Chez le principal!... Que pouvait avoir à me dire le principal?... Le portier me regardait avec un drôle d’air. Tout à coup l’idée du sous-préfet me revint.
— Est-ce que M. le sous-préfet est là-haut? demandai-je.
Et le cœur palpitant d’espoir je me mis à gravir les degrés de l’escalier quatre à quatre.
Il y a des jours où l’on est comme fou. En apprenant que le sous-préfet m’attendait, savez-vous ce que j’imaginai? Je m’imaginai qu’il avait remarqué ma bonne mine à la distribution, et qu’il venait au collège tout exprès pour m’offrir d’être son secrétaire. Cela me paraissait la chose la plus naturelle du monde. La lettre de Jacques avec ses histoires de vieux marquis m’avait troublé la cervelle, à coup sur.
Quoi qu’il en soit, à mesure que je montais l’escalier, ma certitude devenait plus grande: secrétaire du sous-préfet; je ne me sentais pas de joie....
En tournant le corridor, je rencontrai Roger.
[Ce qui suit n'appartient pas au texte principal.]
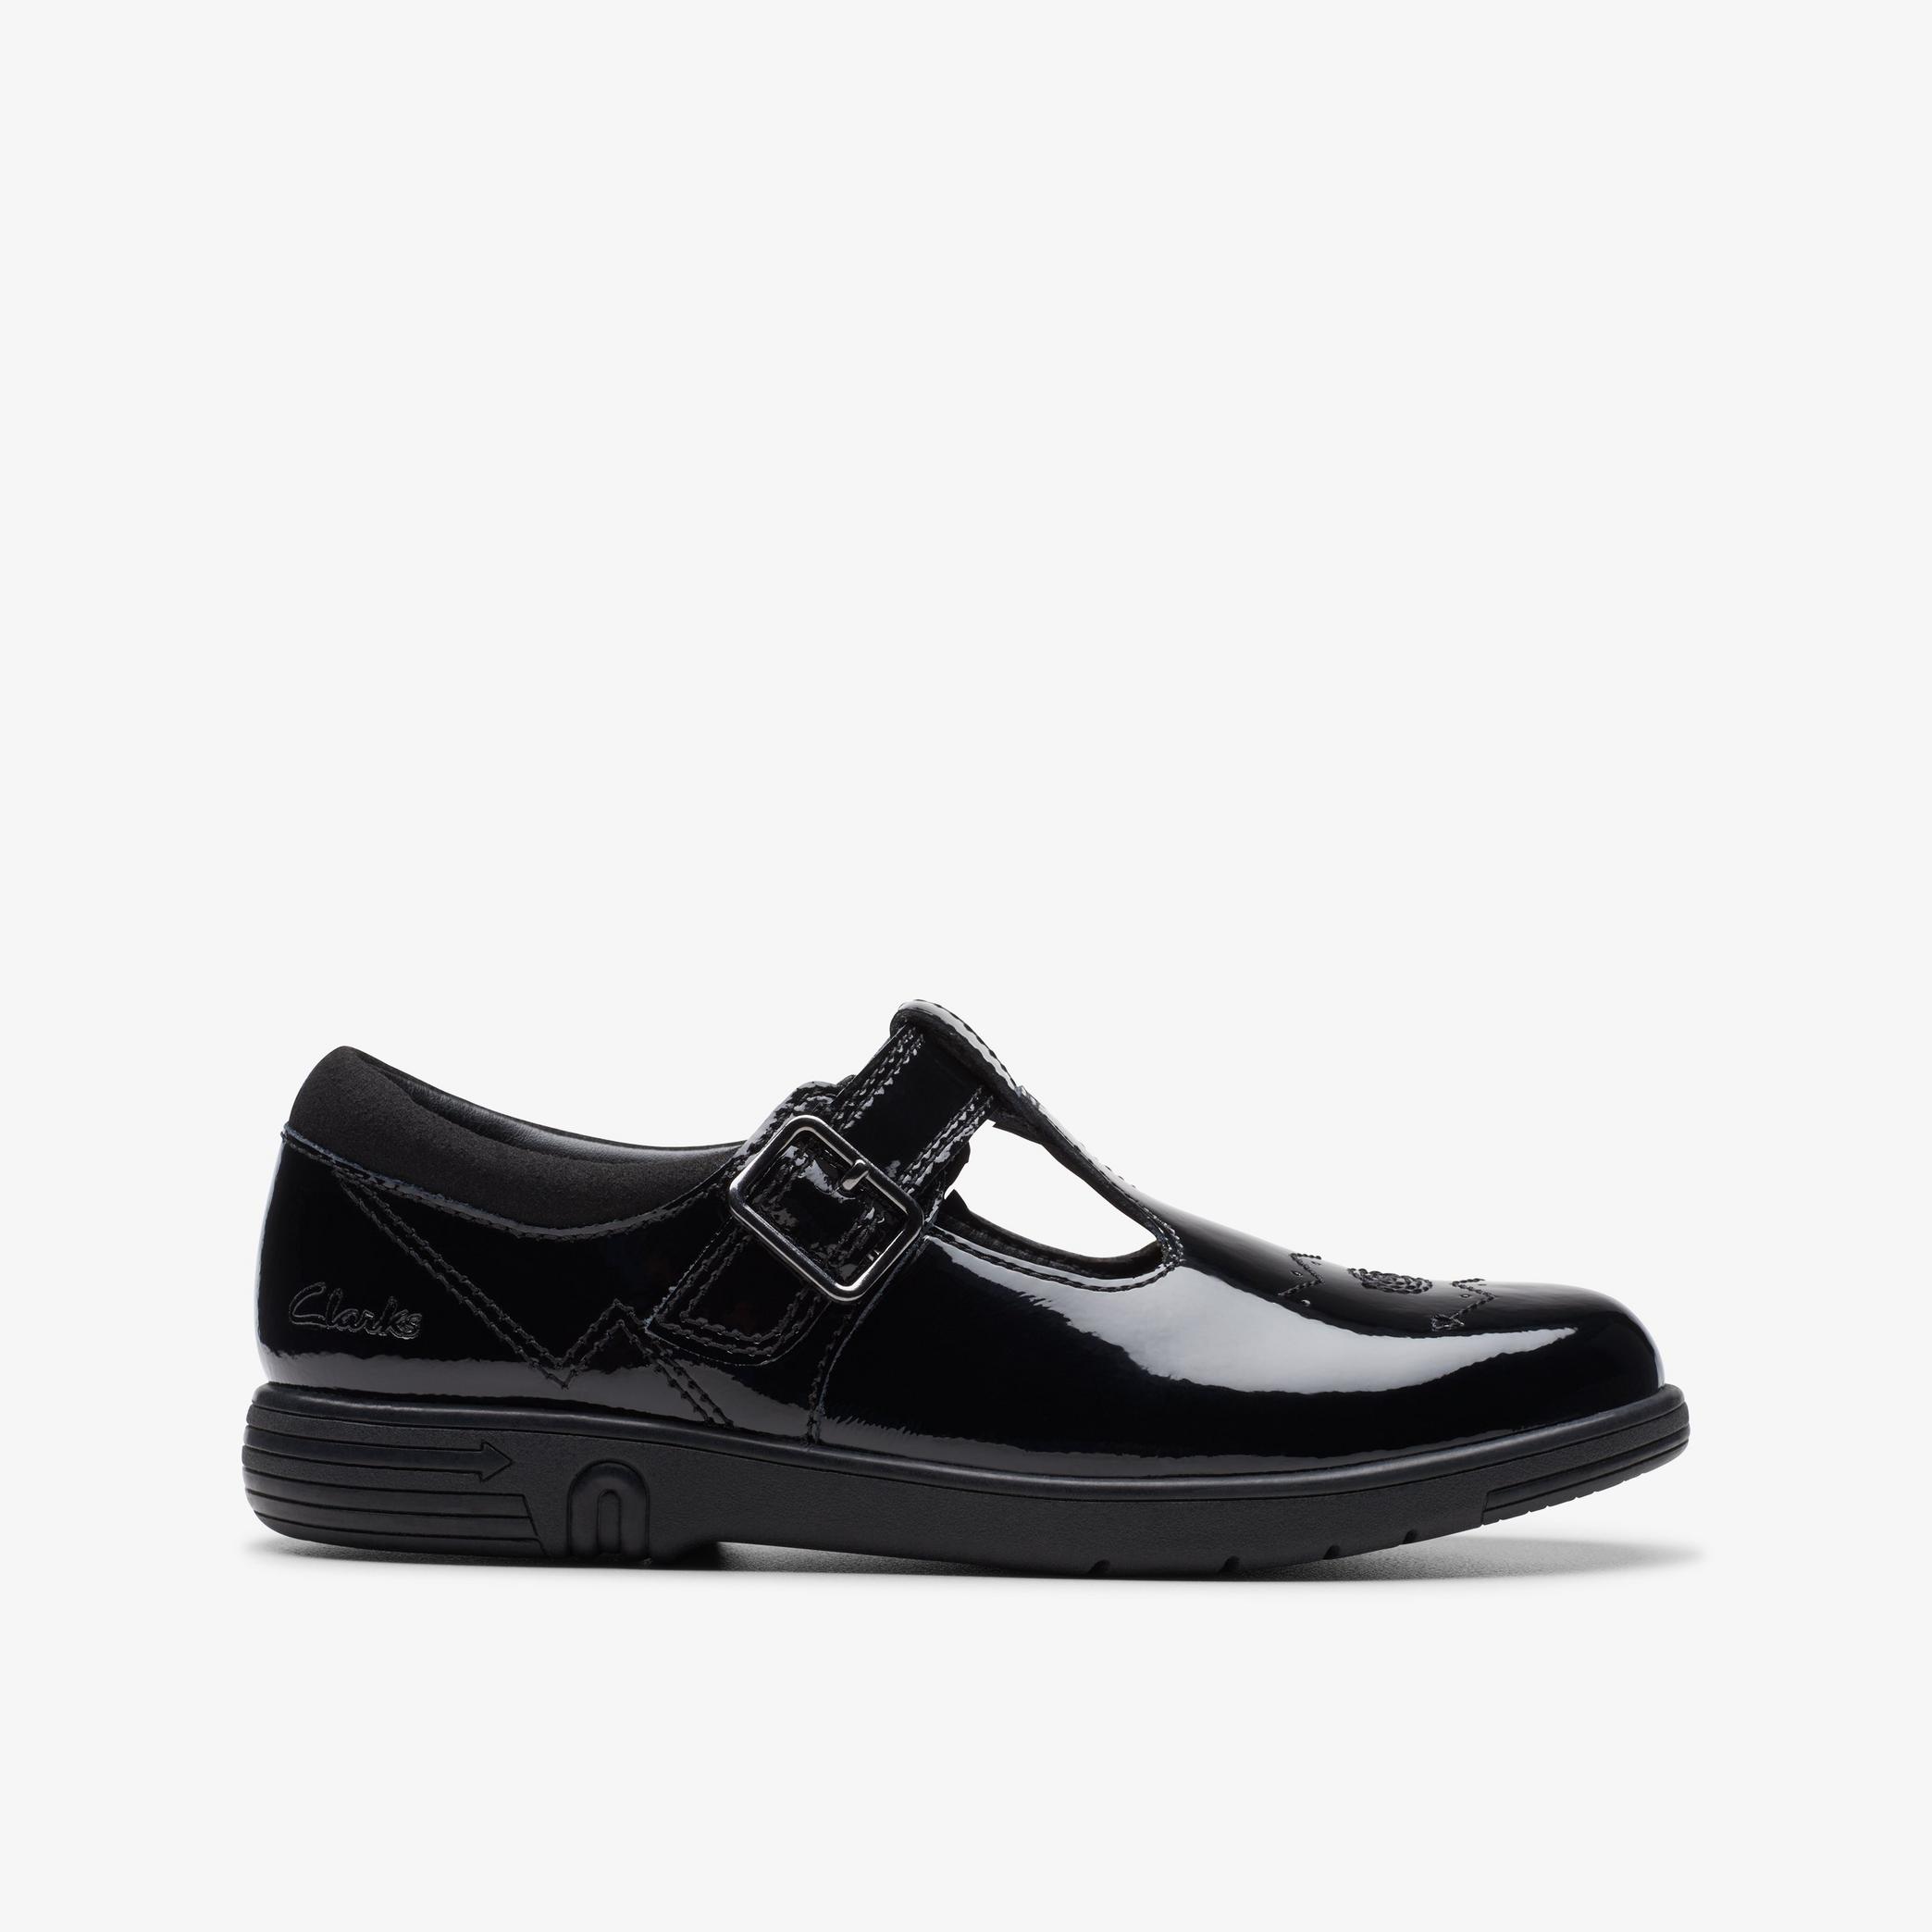 Jazzy Tap Kid Black Patent Shoes, view 1 of 6
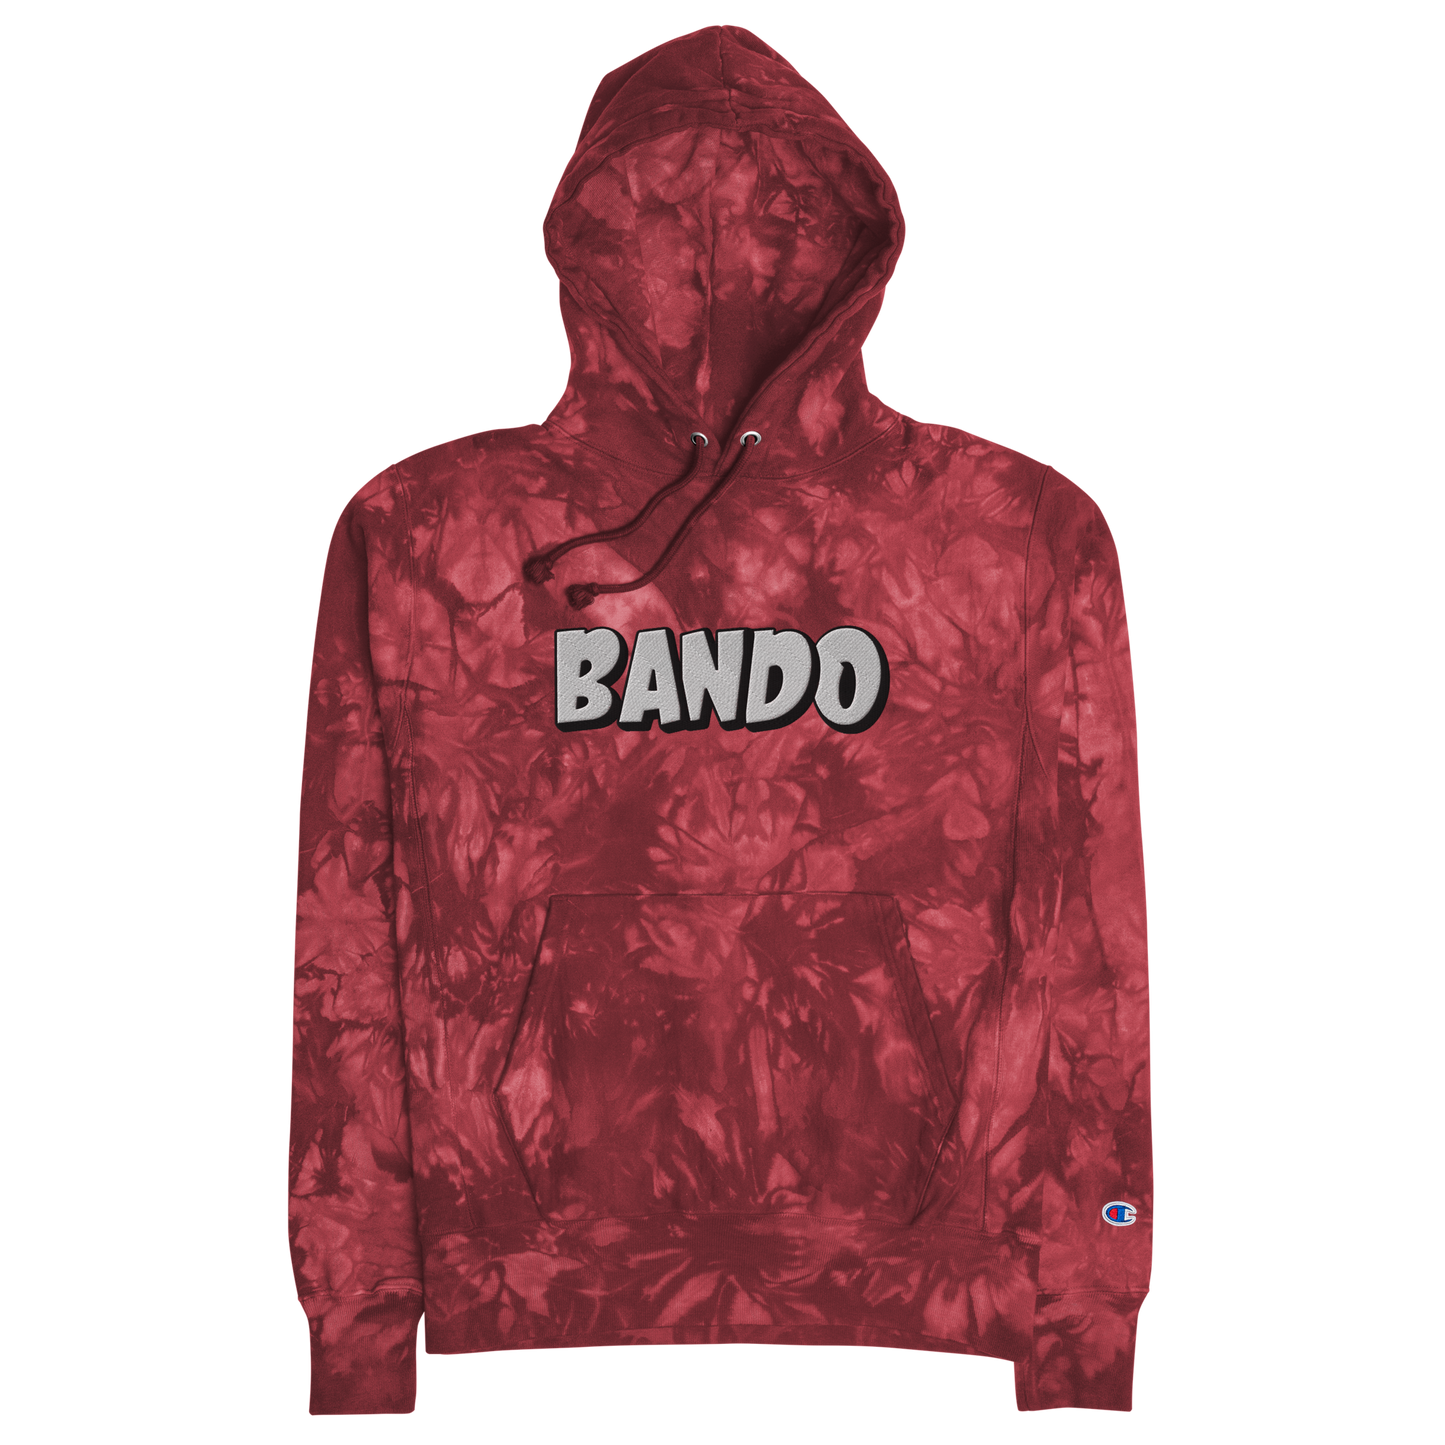 BANDO EMBROIDERED CHAMPION TIE-DYE HOODIE

Il était très pâle; il me regarda comme s’il voulait me parler; mais je ne m’arrêtai pas: le sous-préfet n’avait pas le temps d’attendre.
Quand j’arrivai devant le cabinet du principal, le cœur me battait bien fort, je vous jure. Secrétaire de M. le sous-préfet! Il fallut m’arrêter un instant pour reprendre haleine; je rajustai ma cravate, je donnai avec mes doigts un petit tour à mes cheveux et je tournai le bouton de la porte doucement. [76]
Si j’avais su ce qui m’attendait!
M. le sous-préfet était debout, appuyé négligemment au marbre de la cheminée et souriant dans ses favoris blonds. M. le principal, en robe de chambre, se tenait près de lui humblement, son bonnet de velours à la main, et M. Viot, appelé en hâte, se dissimulait dans un coin.
Dès que j’entrai, le sous-préfet prit la parole.